If you’re planning a June wedding, you might want to consider I Do … I Think. It’s a one-woman show by New Yorker Amanda C. Thompson, who explores her take on “the blissful day” and the first year of marriage. Solo performers have become a staple of Fringe festivals, and this one sounds like one audiences will flock to see, in the vein of last year’s wildly popular A Catholic Girl’s Guide to Losing Your Virginity.

Given the present polling on the popularity of President Bush, I Take It Back should be a hit. It’s another solo piece. This one follows a Ohio woman’s quest to take back the vote she cast for George W. Bush during the 2004 presidential election. It’s been assembled by Odds & Ends Productions from Pittsburgh.

Sometimes we have to let the publicity speak for itself. Woof! The Road Show, presented by Ragged Blade Productions from St. Louis, is described as “a two-man musical about dogs, pancakes, sex and theater.” It also appears that this continues to be a work-in-progress, so the actors are never quite sure from one performance to the next what they’ll be doing.

In the 2006 Fringe Festival, Richard Hess (who heads the drama program at UC’s College-Conservatory of Music), had the golden touch. His (UN)Natural Disasters was the Fringe’s most innovative work (and winner of the Producer’s Pick), and The Catholic Girl’s Guide to Losing Your Virginity, which he directed, was the most popular (and winner of the Audience Pick).

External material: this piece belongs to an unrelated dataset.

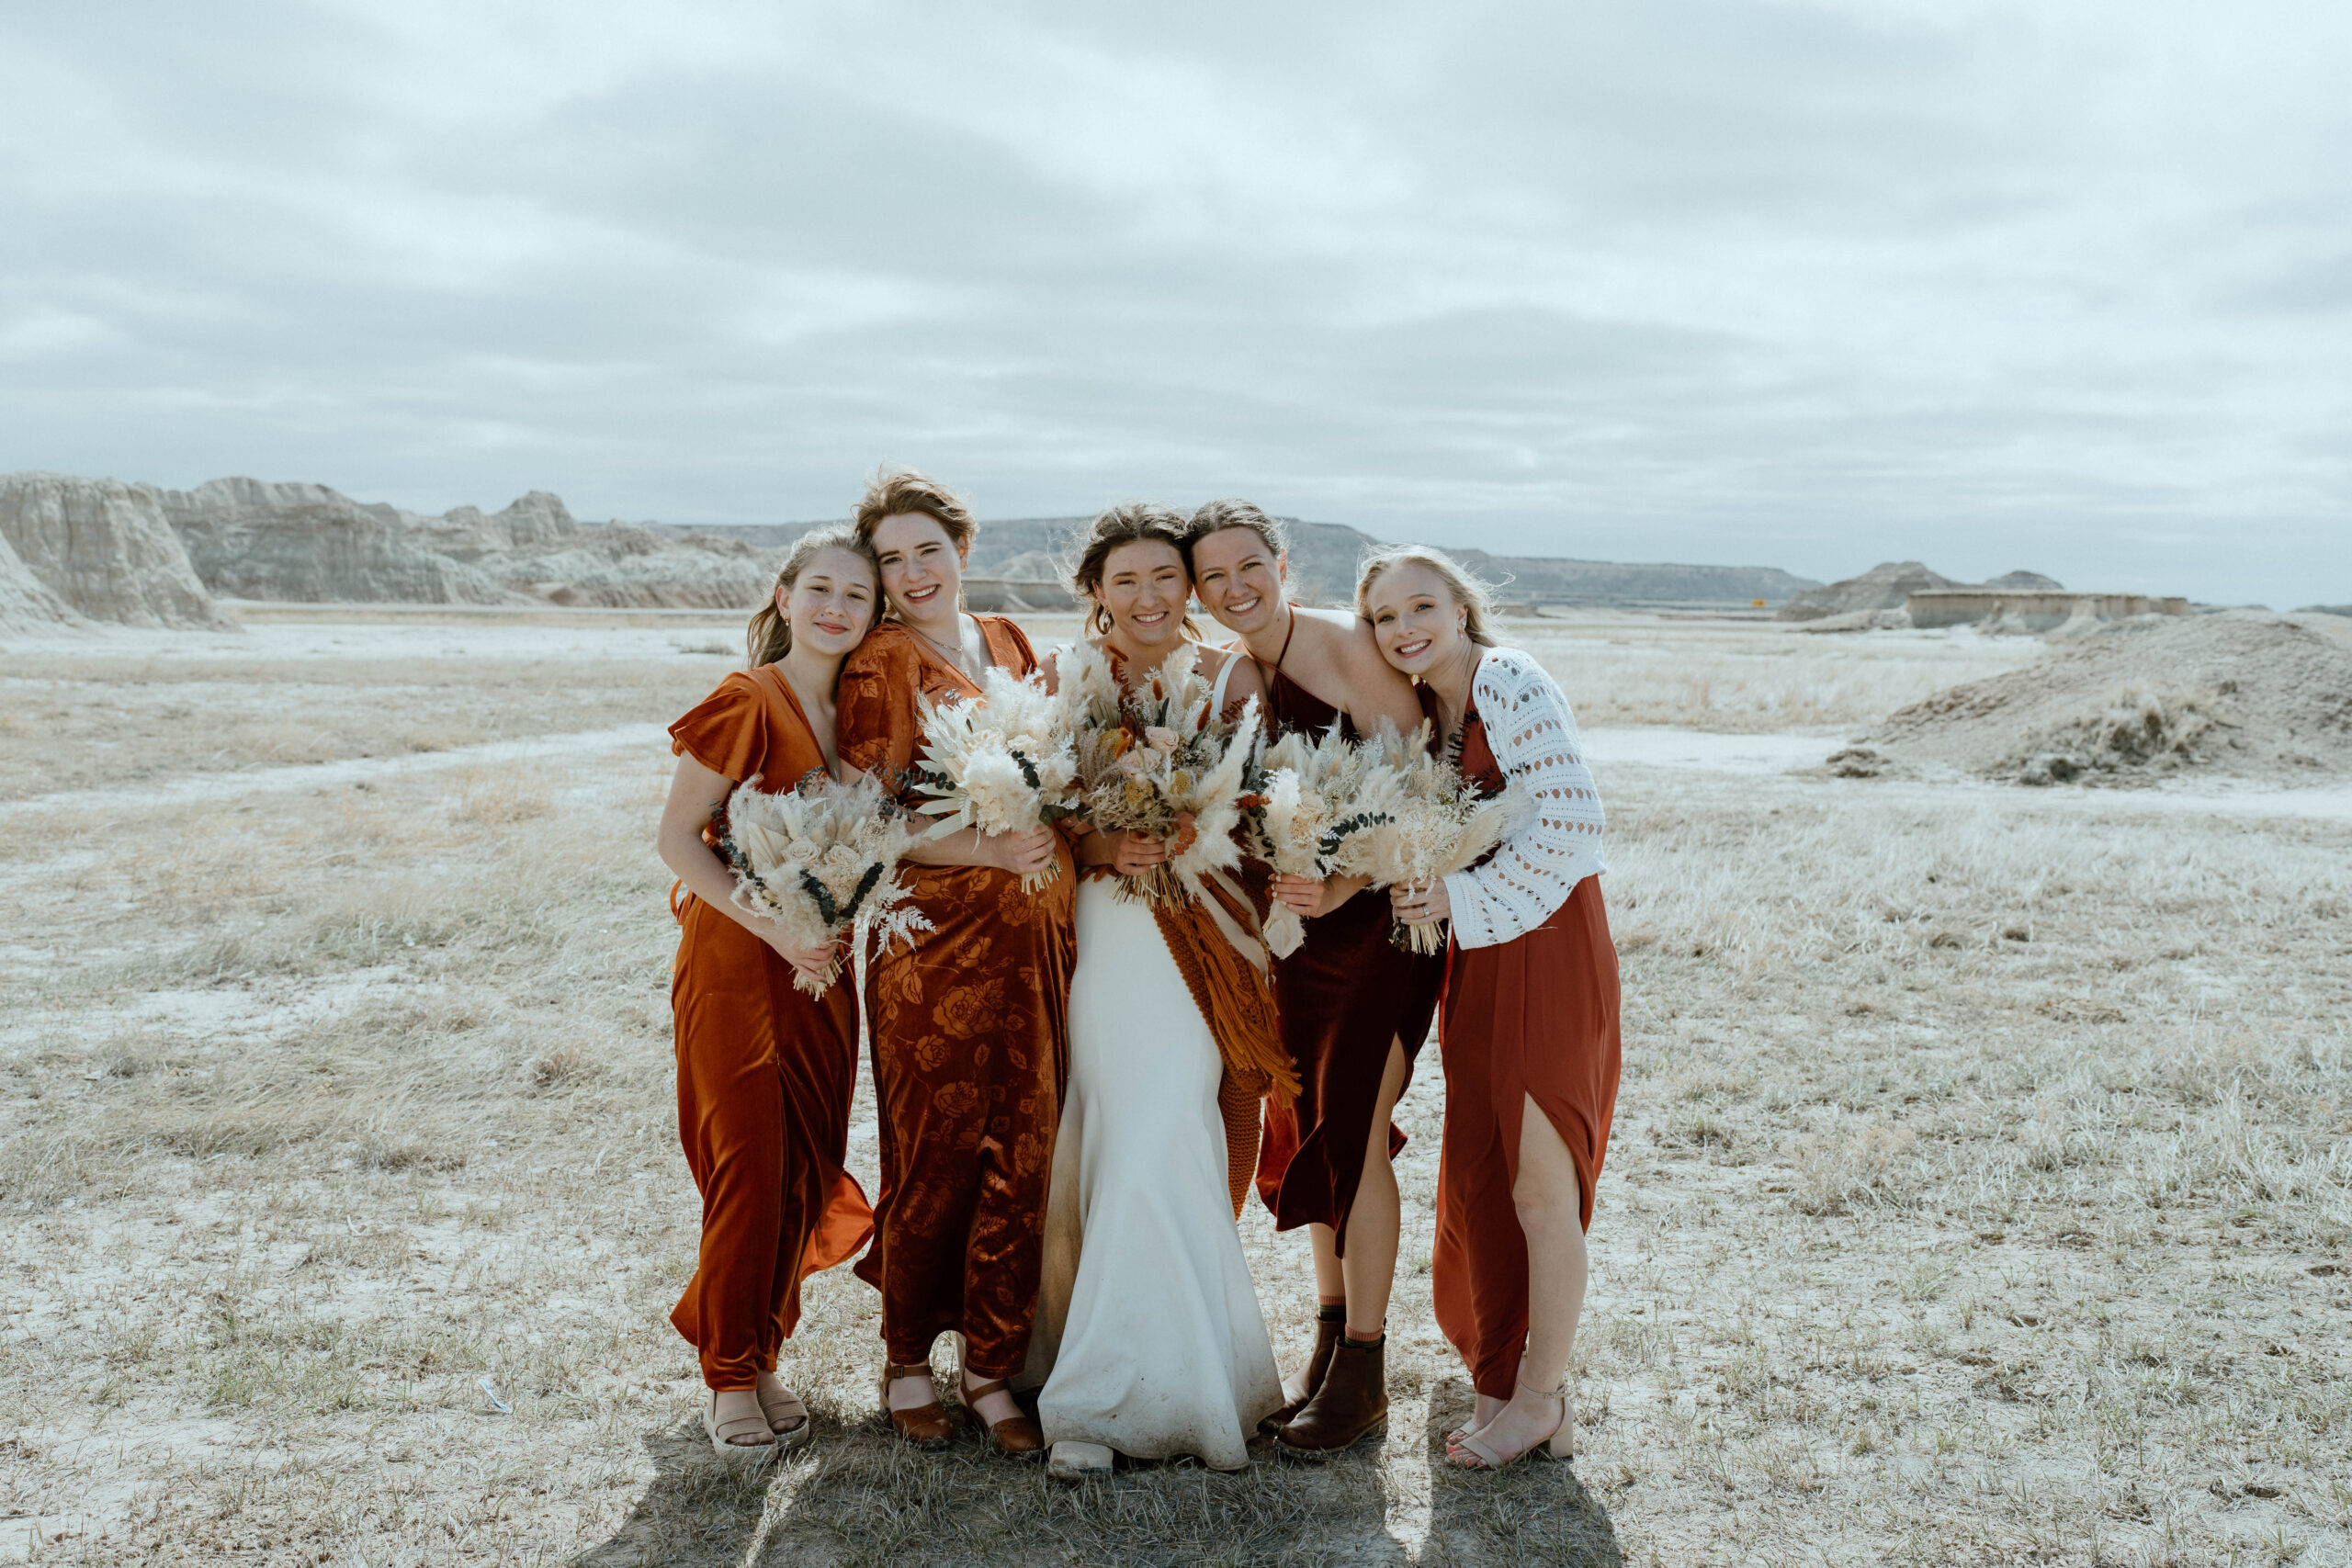 A bridal party is pictured with the bride and wearing burnt orange wedding attire

This year, Hess is staging The Kid in the Dark, an original one-act song cycle dealing with love, loss, fear and hope. It will feature five CCM students performing original songs by a local team, Mark Halpin and Andrew Smithson. This one gets my “best bet” award.

Some of the most energetic theater on the local scene has been emanating from New Stage Collective, which recently announced a permanent space on Main Street. A dimension of NSC, the Satori Group, is undertaking an ensemble piece inspired by experimental writer Charles Mee, who encourages theater companies to take his works and evolve them into derived performances. Satori will use Mee’s Fetes de la Nuit, set in the France’s worker revolution from 1968, to explore the phenomenon of cultural revolution in today’s world. They’ll weave in spoken word poetry by Saul Williams and films by Jean-Luc Godard and Richard Linklater to create iLove — what they’re calling an “un-original, original work.”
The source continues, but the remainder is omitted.